M. Sissi, un ex-chef d'Etat-major qui brique un nouveau mandat de quatre ans, est déjà omniprésent à la télévision comme dans la presse, qui relaye en continue ses déplacements et ses rencontres avec divers responsables nationaux et internationaux. Idem dans les rues, où des portraits ou banderoles électorales sont à sa gloire.

Alors que l'abstention risque d'être la seule inconnue du scrutin, les partisans du président, craignant qu'elle ne soit élevée, ont appelé les Egyptiens à voter en masse.

Du porte-à-porte sera fait pour convaincre les électeurs de l'importance de la participation, a déclaré le porte-parole de la campagne de M. Sissi, Mohamed Bahaa Abou Choukka, dans des propos diffusés samedi par les chaînes de télévision.

Dans le même temps, l'Autorité nationale des élections (NEA) a prié les médias de faire preuve d'"objectivité" et interdit aux personnalités politiques de "participer à la campagne électorale dans l'intention d'influencer positivement ou négativement le résultat des élections".

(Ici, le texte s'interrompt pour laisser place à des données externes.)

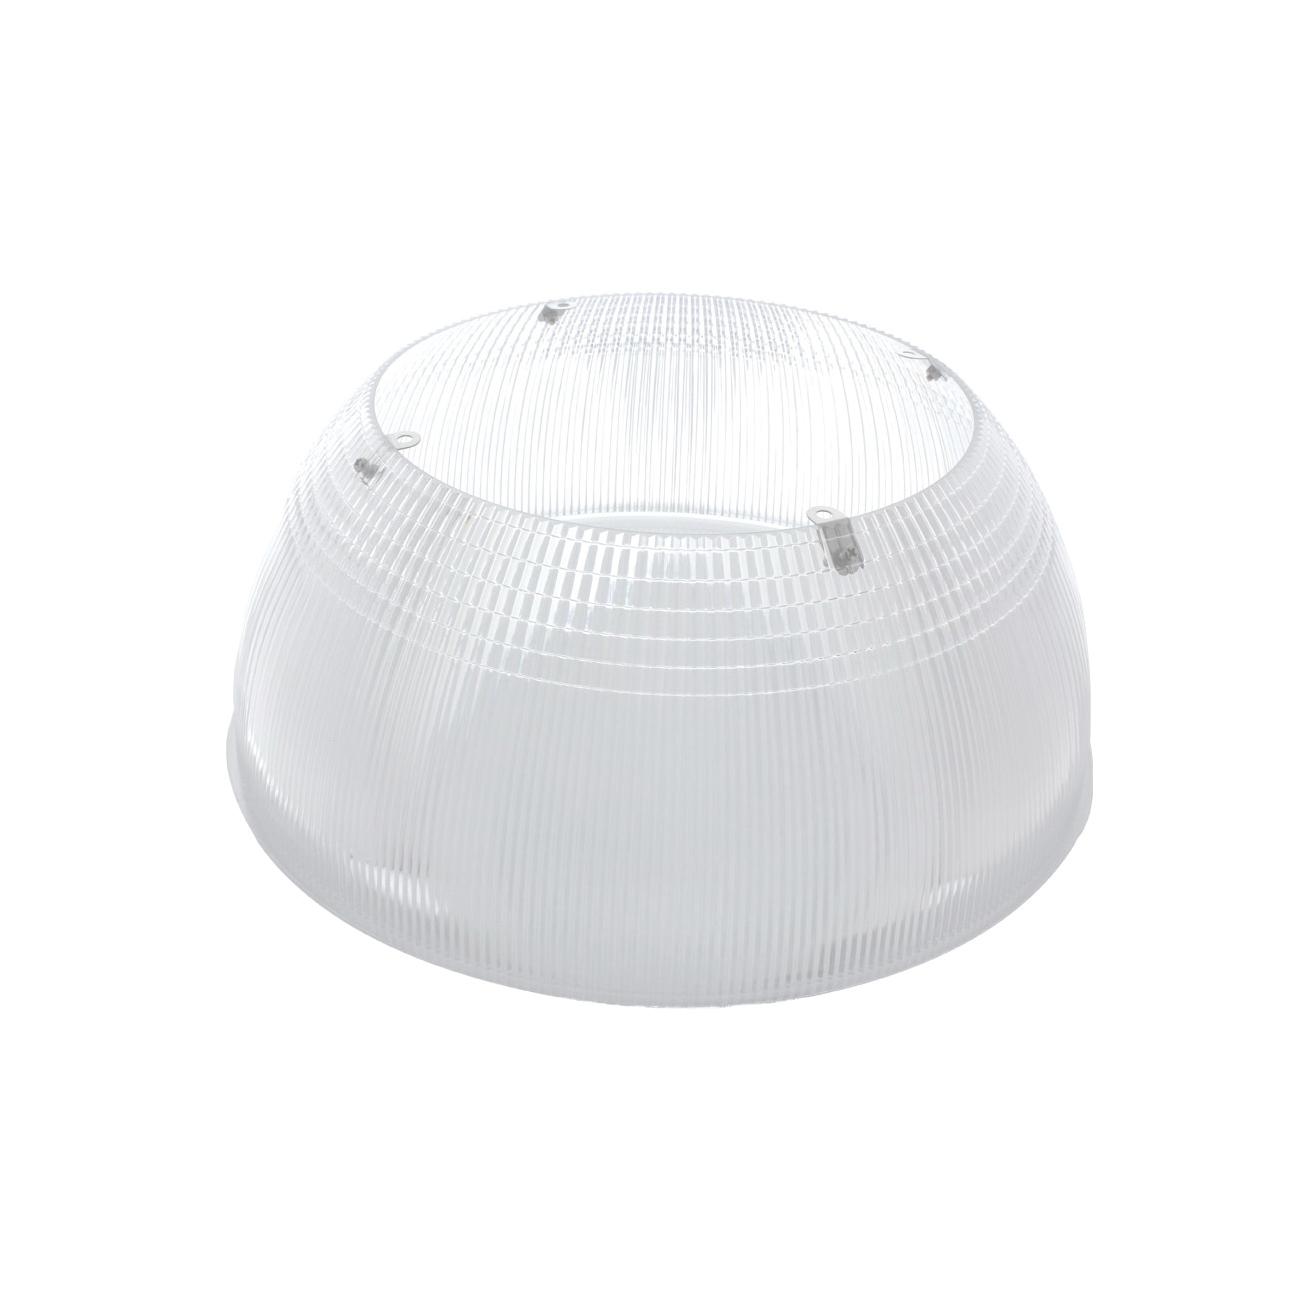 CSC LED HB7B-PC-REF-SM
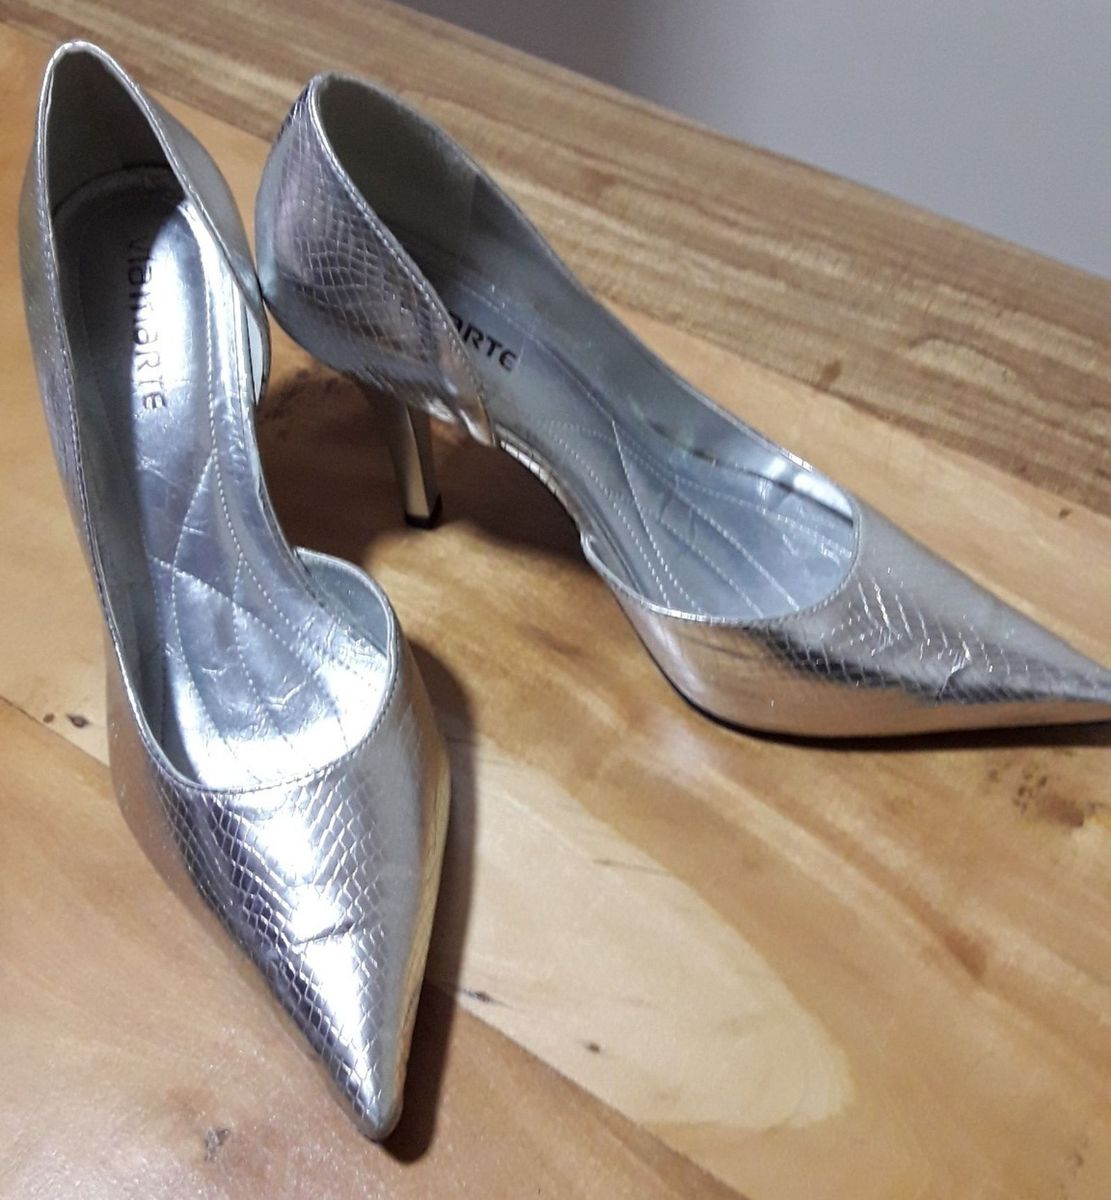 d528bebb1 scarpin prata - sapatos via marte.  Czm6ly9wag90b3muzw5qb2vplmnvbs5ici9wcm9kdwn0cy84ndq1nde1l2jhmzvkmmfimdcznziynmvjogy2ndnhndexoteyn2i3lmpwzw

Abdel Moneim Aboul Foutouh, un ancien dirigeant des Frères musulmans -organisation déclarée "terroriste" par le pouvoir-, a été arrêté le 14 février après avoir lancé un appel avec d'autres leaders de l'opposition à boycotter le scrutin. Il avait accusé le régime "d'empêcher toute compétition loyale".

Comme M. Aboul Foutouh, plusieurs personnalités critiques du gouvernement ont été mises hors d'état de nuire depuis le début de la course à la présidence.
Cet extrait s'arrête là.